Lillian Faderman: The mother of LGBT history

Dr. Lillian Faderman is considered the mother of LGBT history, having written a number of books that many scholars and academicians regard as important sources of information on LGBT history.

This year, she became the historian-in-residence for the Lambda Archives of San Diego. This is a new program of the Lambda Archives and Dr. Faderman is the first to grace this position.

That’s how important a person Faderman is as Lambda will only invite the big guns in the field of LGBTQ history every two years.

Lillian Faderman: The baby who survived

Faderman wouldn’t have been born if her mother decided to push through with her abortion. It was a close call since her mother, Mary, had already aborted Faderman’s two other siblings upon the urging of Faderman’s father.

This hopeful history of Faderman became the “driving force”, as she put it, in her character.

Leaving Faderman’s father and her life as a garment worker in Lower Manhattan, Mary ran away to Los Angeles with baby Lillian and her sister Rae.

In her teenage years, Faderman was a model and it was during this time she realized she was a lesbian when she discovered the lesbian underground bars in LA.

She tried heterosexuality after she graduated from high school by marrying a gay man but the marriage failed after less than a year.

Lillian Faderman and lesbian history

At age 76, Faderman wrote a total of ten books. She won awards and acclaims starting with Surpassing the Love of Men: Romantic Friendship and Love Between Women from the Renaissance to the Present in 1981.

She wrote the book, about lesbian couples, with a passion and the thought that this was a subject she wanted to read.

Another important work is Odd Girls and Twilight Lovers, which documented being a lesbian in the 20th century.

Her recent book, The Gay Revolution: The Story of the Struggle, which came out in 2015, is about the upheavals of being a lesbian.

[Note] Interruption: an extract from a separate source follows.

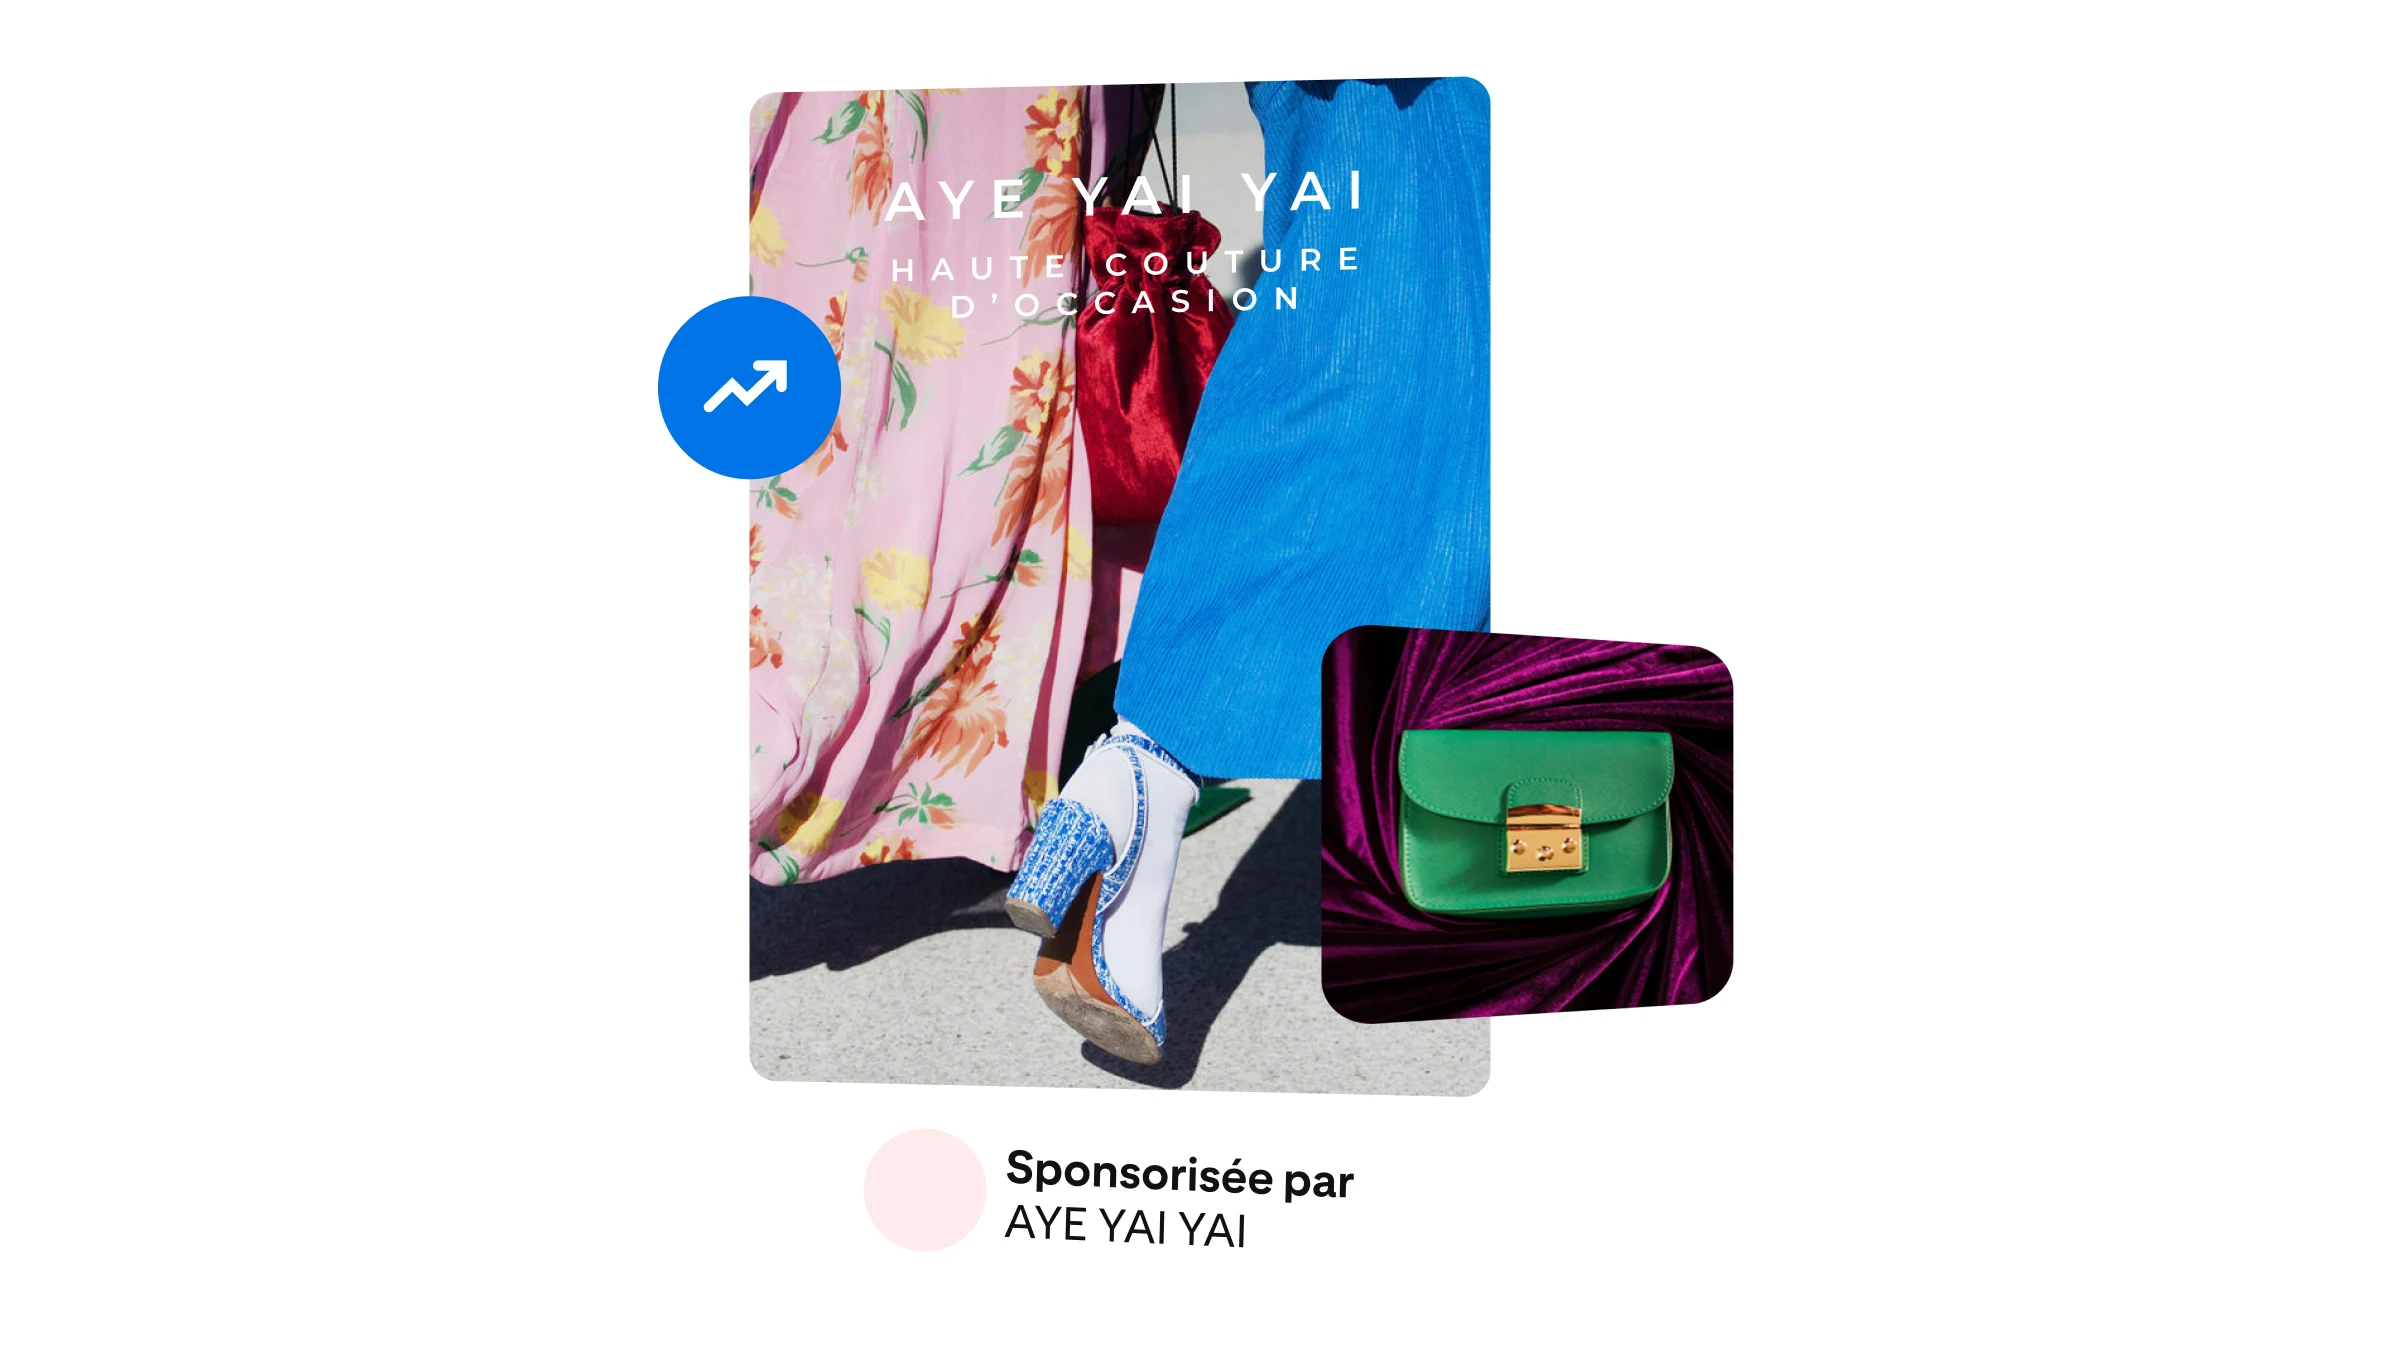 Une annonce mode de la marque Aye Yai Yai montrant un sac à main vert.

“The 1950s were probably the worst time to be a lesbian in the US,” Faderman said during an interview.

Faderman herself was a working class lesbian during this period and had experienced harassment from the police first hand.

The three books were named Notable Books of the Year by the New York Times when they came out.

She also received awards from Lambda Archives, American Library Association, and ONE National Gay and Lesbian Archives.

“Dr. Faderman has inspired my own work as a steward of our community’s stories and I am thrilled to work with her to further the mission of collecting, preserving, and teaching LGBTQ history,” described Jen LaBarbera, Head Archivist for Lambda Archives.

Lillian Faderman: The historian speaks

Faderman, who is currently a professor emerita of California State University in Fresno, lives with her partner of 45 years, Phyllis Irwin. They both have a son, who is now 35.

Looking at where we are now, and the progress the lesbians made, Faderman says so much has changed in 30 years.

Still, it’s not enough. “The bar is always raised. Expectations get higher and higher,” she said. “I’m a product not only of the 1950s but also of the present, and I want more.”